J.ophthalmol.(Ukraine).2017;6:16-19.

https://doi.org/10.31288/oftalmolzh201761619

Influence of the fetal neuropeptide complex on changes in retinal light sensitivity over time in patients with primary open-angle glaucoma

N.V. Panchenko, Dr Sc (Med), E.N. Gonchar, Cand Sc (Med), G.S. Arustamova, MD, A.S. Pereiaslova, MD, D.O. Prikhod’ko, MD, M.V. Friantseva, MD

Department of Ophthalmology, Kharkiv National Medical University

Kharkiv, Ukraine

E-mail: panchenko0802@gmail.com                 

Purpose: To investigate the influence of a fetal neuropeptide complex on changes in retinal light sensitivity over time in patients with primary open-angle glaucoma (POAG).

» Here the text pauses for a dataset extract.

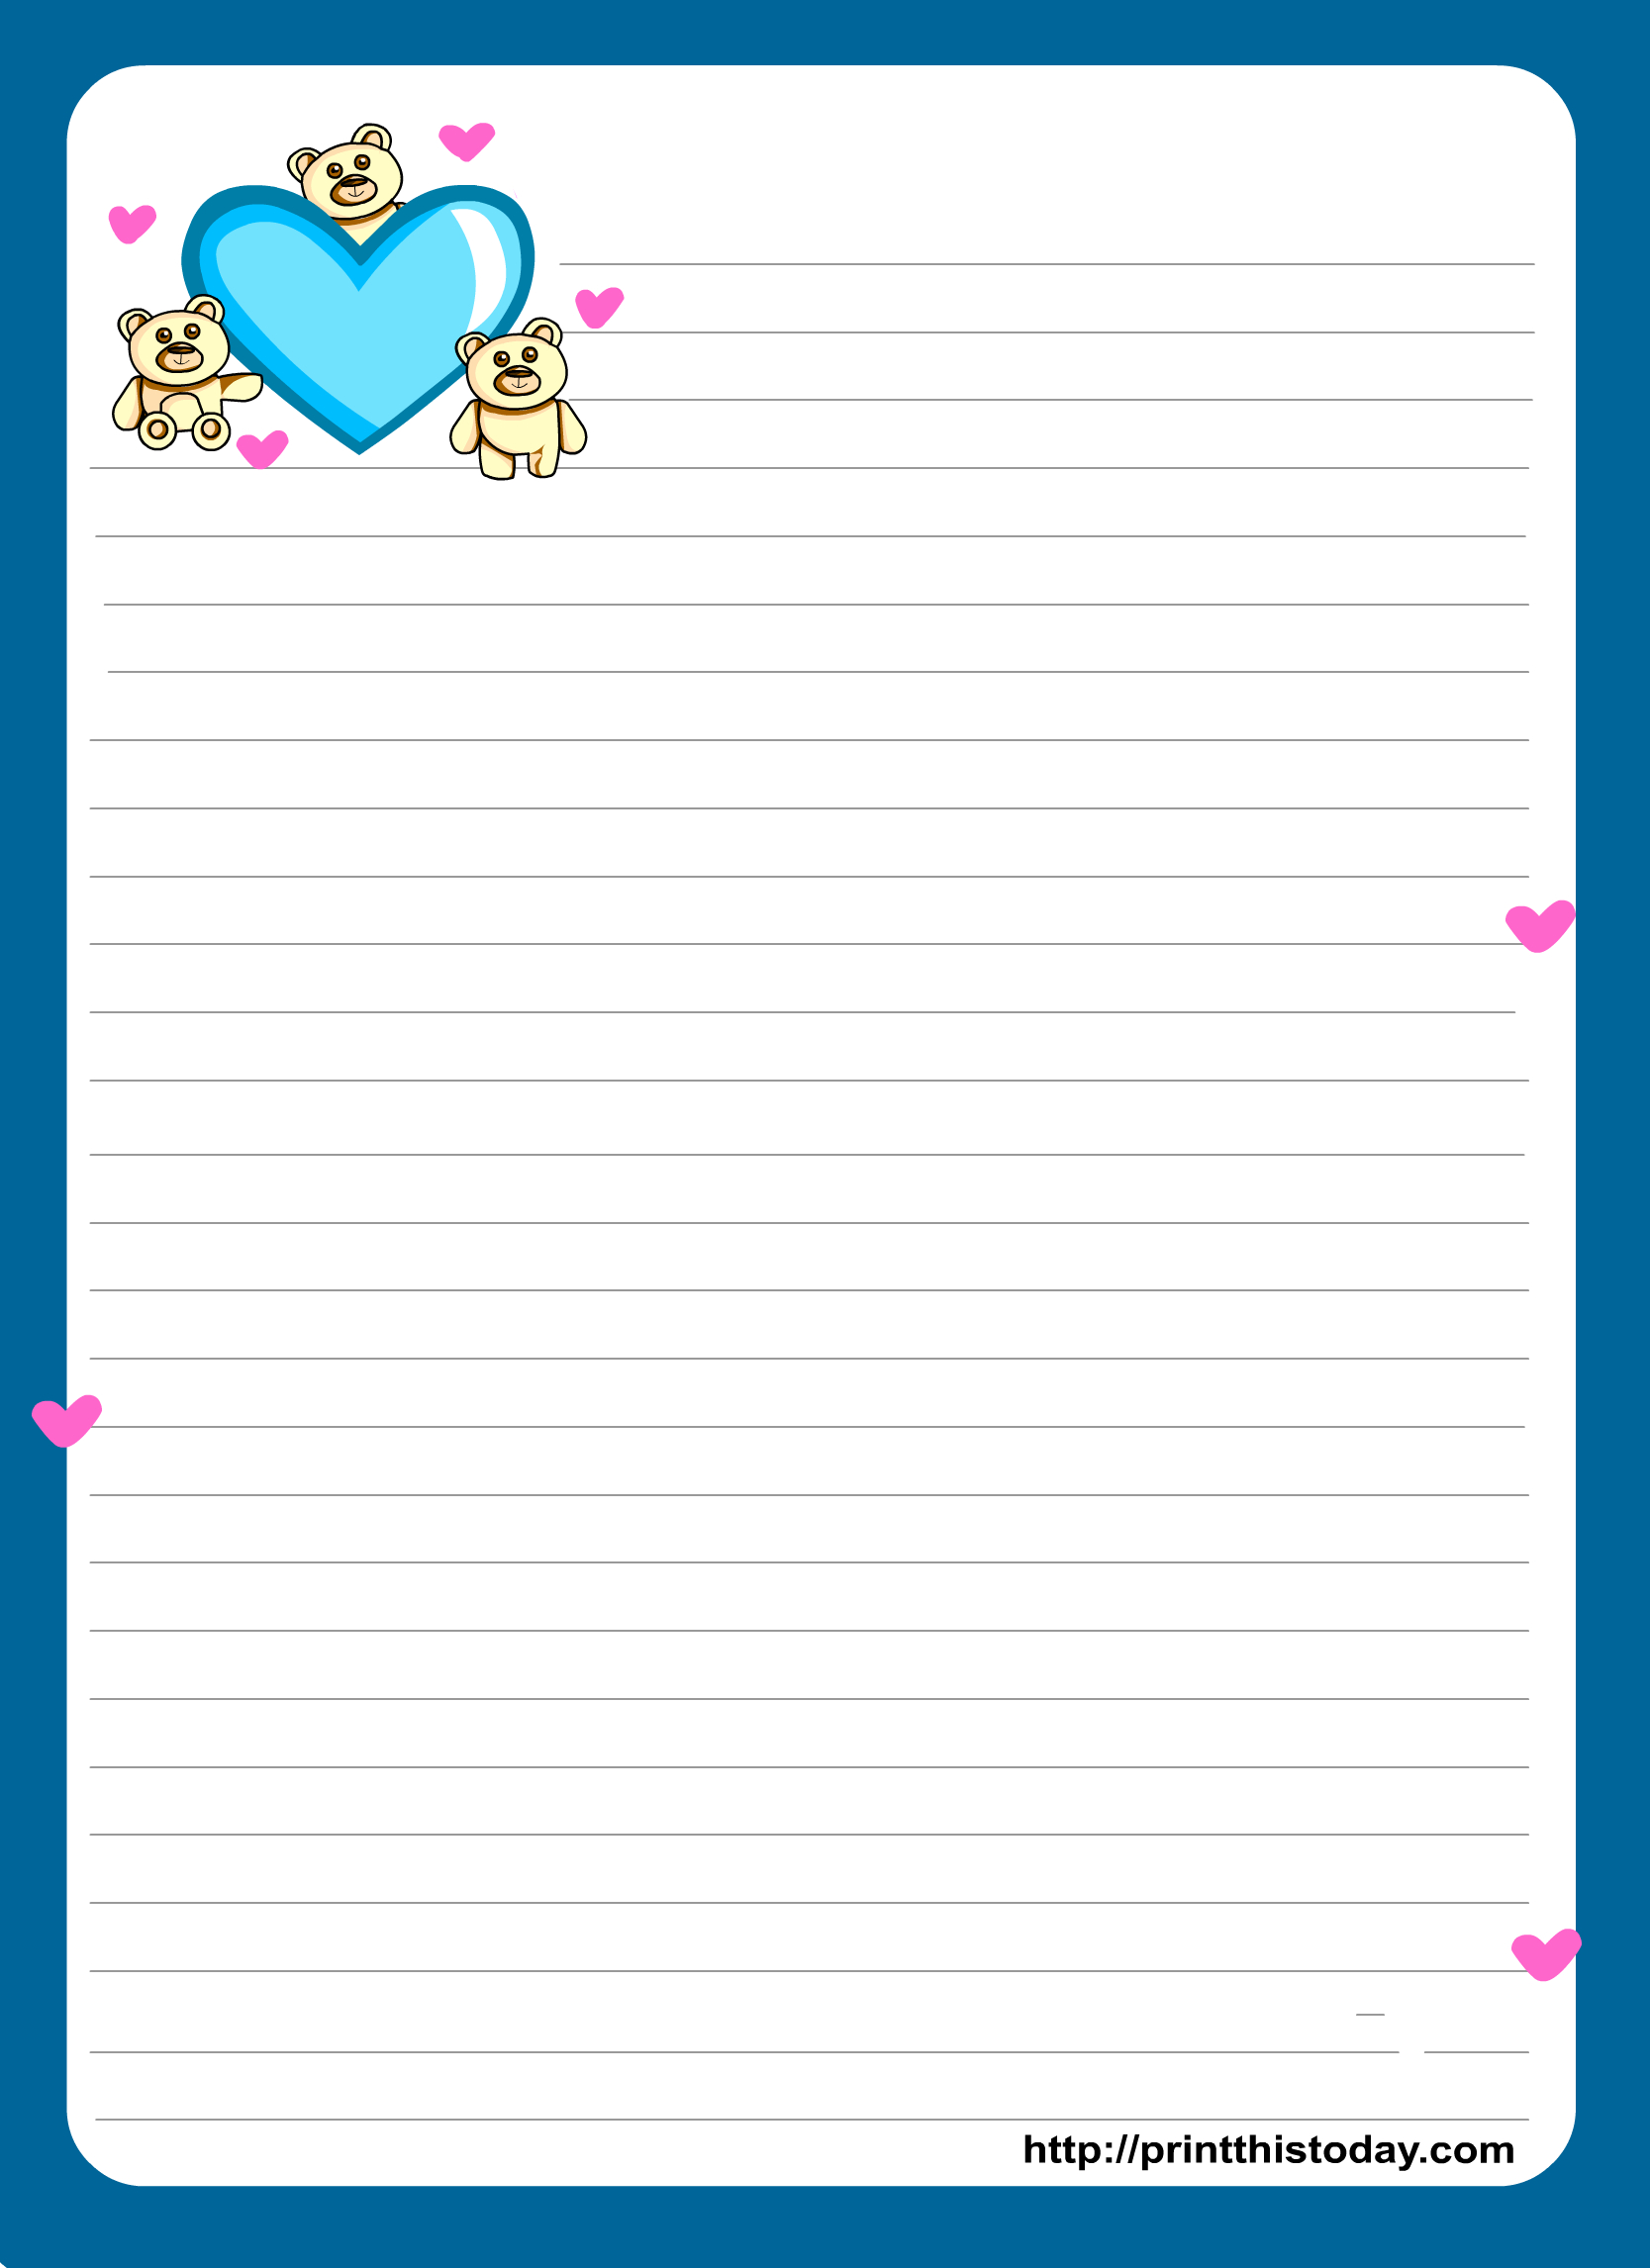 Miss You Love Letter Pad Stationery | Lined Stationery | Free - Free Printable Stationary Pdf
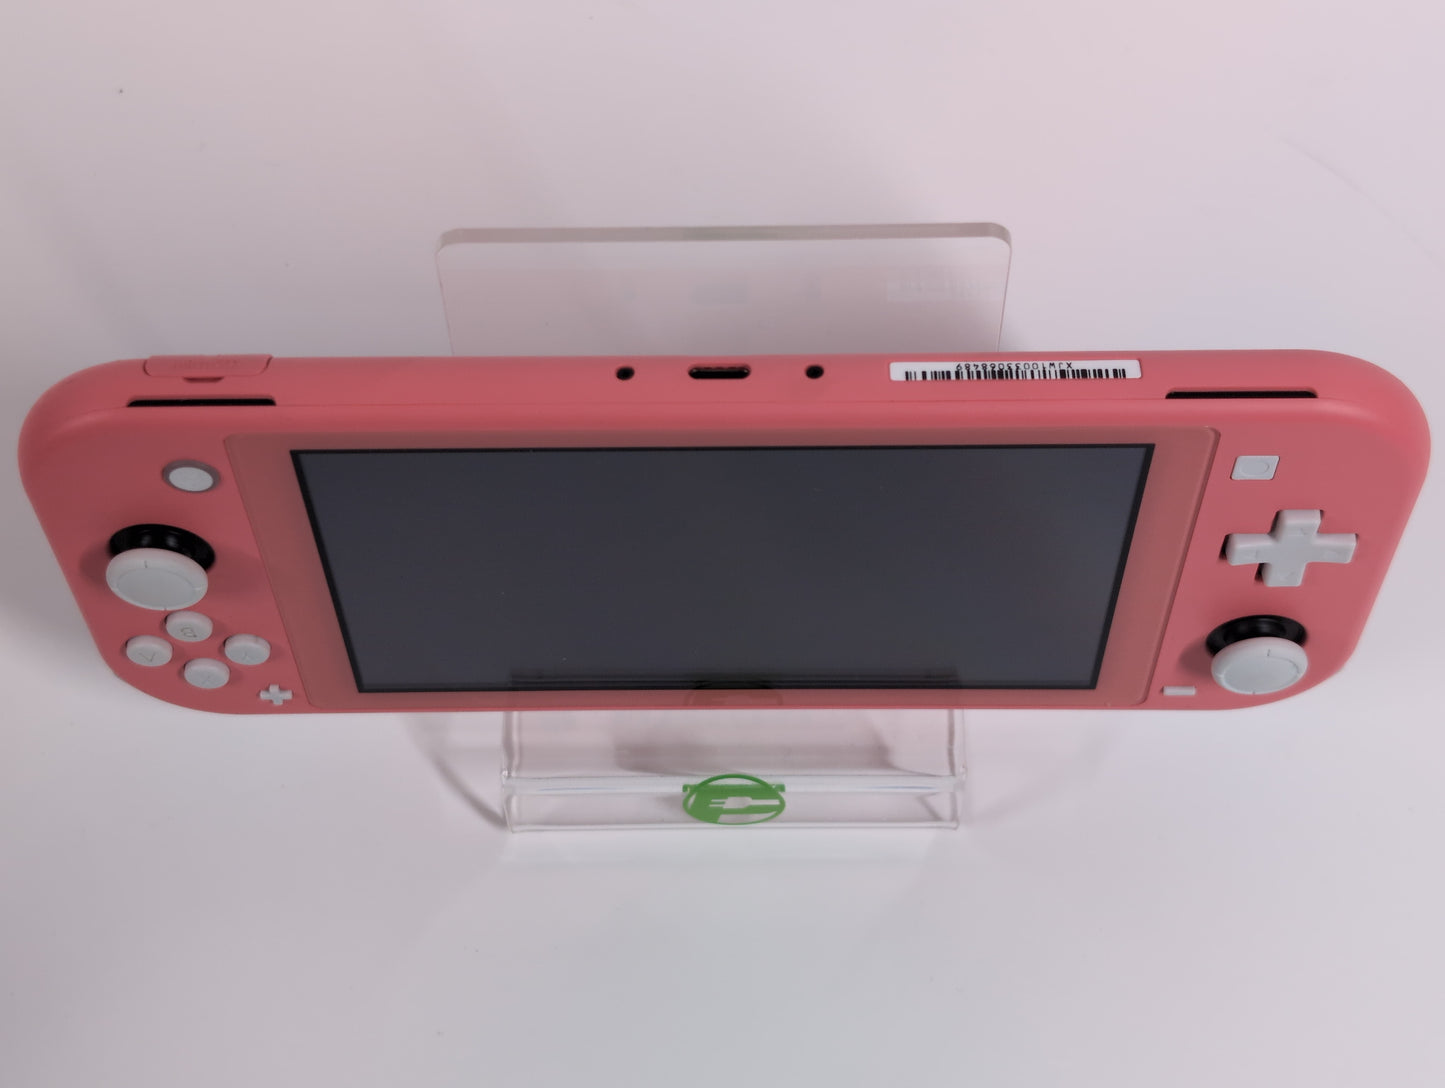 Nintendo Switch Lite Video Game Console HDH-001 Coral

Materials and Methods: The study involved 104 patients (192 eyes; age, 52 to 58 years) with medically controlled POAG and diagnosed with stage I, stage II or stage III glaucoma. In patients of the main group, the fetal neuropeptide complex (Cerebrocurine; Pat. of Ukraine №102,957 issued in 2015) was used as an adjunct to conventional hypotensive therapy. All patients underwent eye examination including visual acuity assessment, biomicroscopy, tonometry, and optical coherence tomography. Changes in retinal light sensitivity in patients with POAG were investigated through changes in mean deviation (MD) using automated static perimetry. In both groups, MD was assessed both before and after treatment.

Results: After treatment, the incidence of stabilized MD in patients in the main group was significantly higher than in controls (72.5% vs 45.6%, p < 0.05). The highest and the lowest indices of stabilized MD were seen in patients with glaucoma stage I and glaucoma stage III, respectively (84.8% and 51.8%, respectively).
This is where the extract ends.